"The only joy in the world is to begin...." Cesare Pavese

"The only joy in the world is to begin...." Cesare Pavese

Sunday, March 28, 2021

Richard Stark's formula: The Mourner (1963)

WHEN the guy with asthma finally came in from the fire escape, Parker rabbit-punched him and took his gun away. The asthmatic hit the carpet, but there'd been another one out there, and he landed on Parker's back like a duffel bag with arms. Parker fell turning, so that the duffel bag would be on the bottom, but it didn't quite work out that way. They landed sideways, jokingly, and the gun skittered away into the darkness....
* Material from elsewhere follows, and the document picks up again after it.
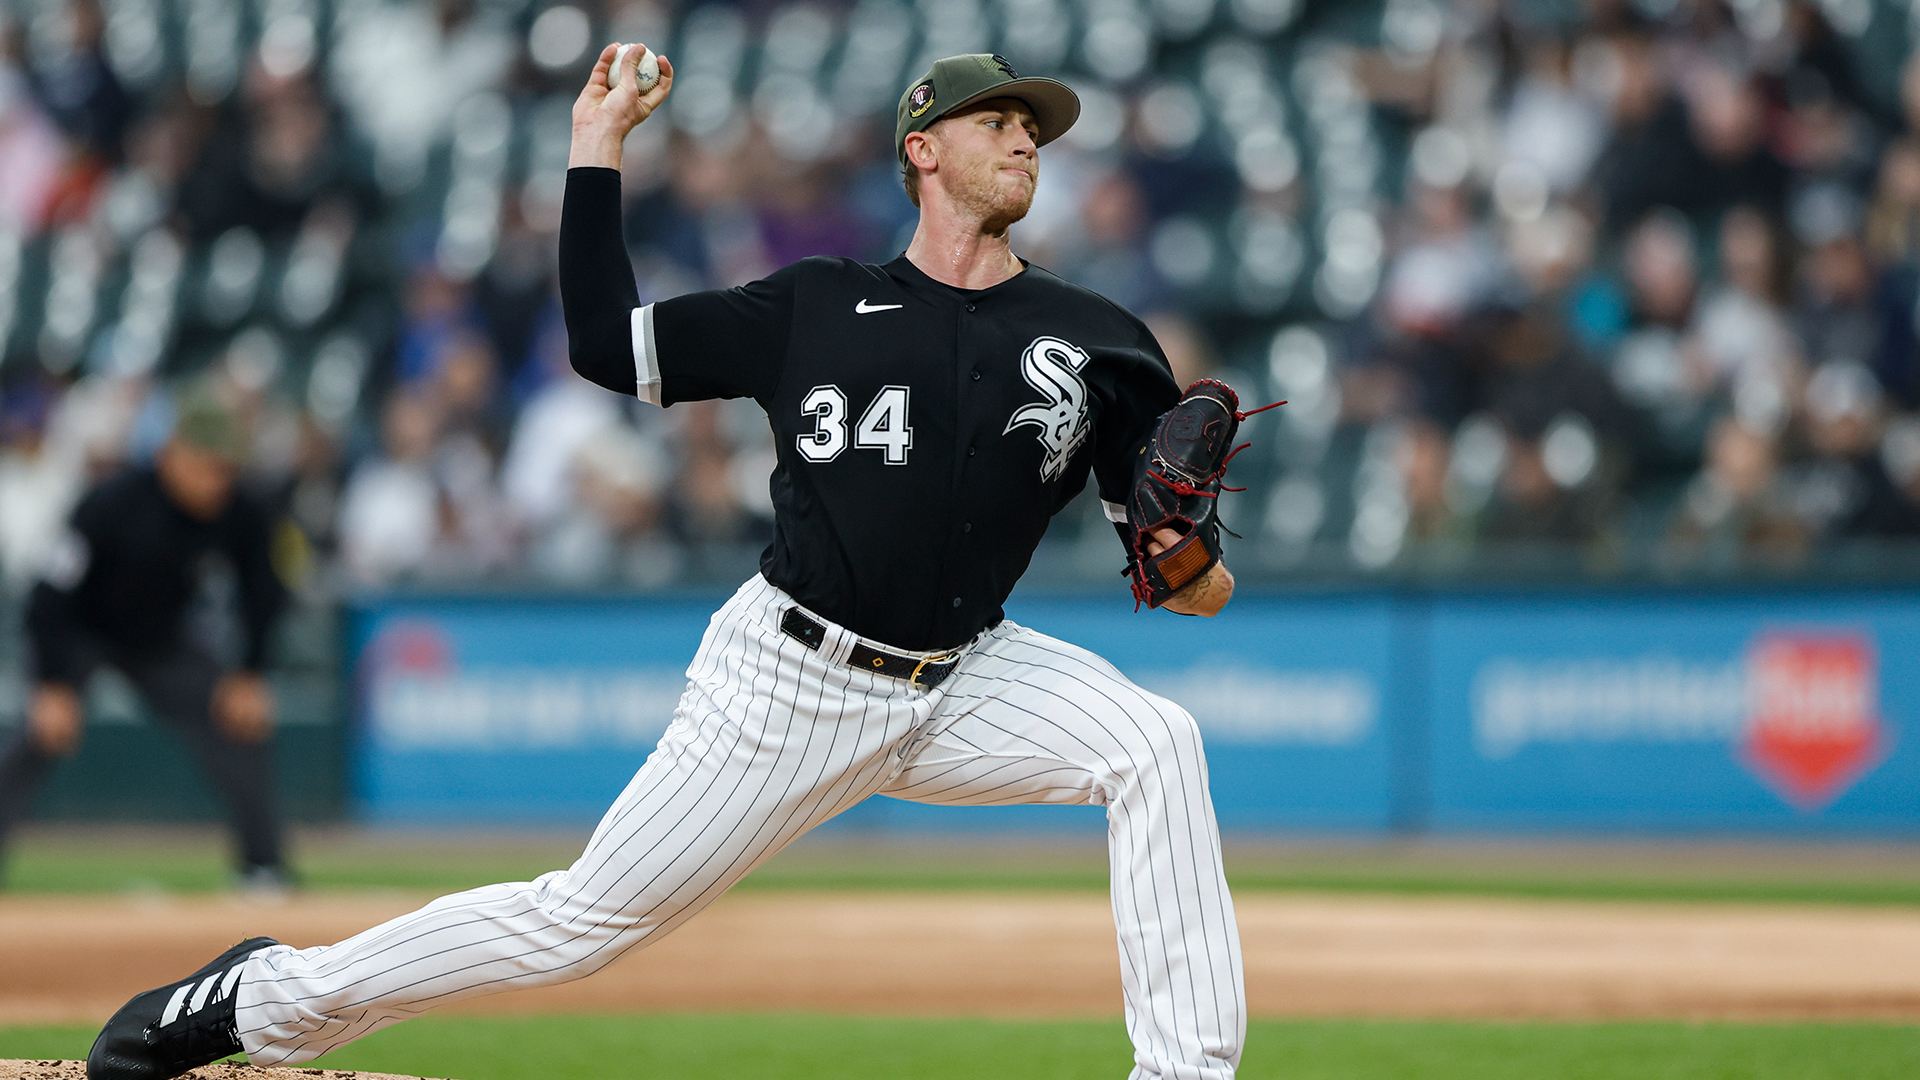 White Sox hit with Michael Kopech injury early in game vs. Royals

I read the first three Richard Stark novels about master thief Parker two decades ago. Then I got diverted onto the main road of Donald E. Westlake's novels about Dortmunder. Then, as they say, way led unto way.


This morning before work I finished The Mourner (1963), the fourth novel about Parker.

The thief is perhaps slightly sentimental in this tale. For instance, after being betrayed by a partner, he hangs around a crime scene to ensure both quick medical treatment for himself, then bargaining for significant treatment for his gut-shot comrade, Handy McKay. I can't help thinking The Man with the Getaway Face would have walked away and let Handy take his own chances.

The Parker novels are all organized on the same strict outline and time table, like Von Schleiffen's war plans.

Part One starts off in the middle of complications with a tough and violent action scene. Then we go back and forth a few chapters, catching up to that opening jaw-dropper.

Part Two gives us the heist in several chapters, ending with the double cross.

Part Three in a Parker heist novel is always told from the point of view of a character out to thwart Parker. Usually the guy who thought he could get away with stabbing him in the back. (In The Mourner this is Inspector Menlo, part of the secret police of a small Carpathian Stalinist republic. Once Menlo has his hands on the stolen statue of a Medieval mourner, he puts a bullett each in Parker and McKay. Too bad he used a .22 Derringer.)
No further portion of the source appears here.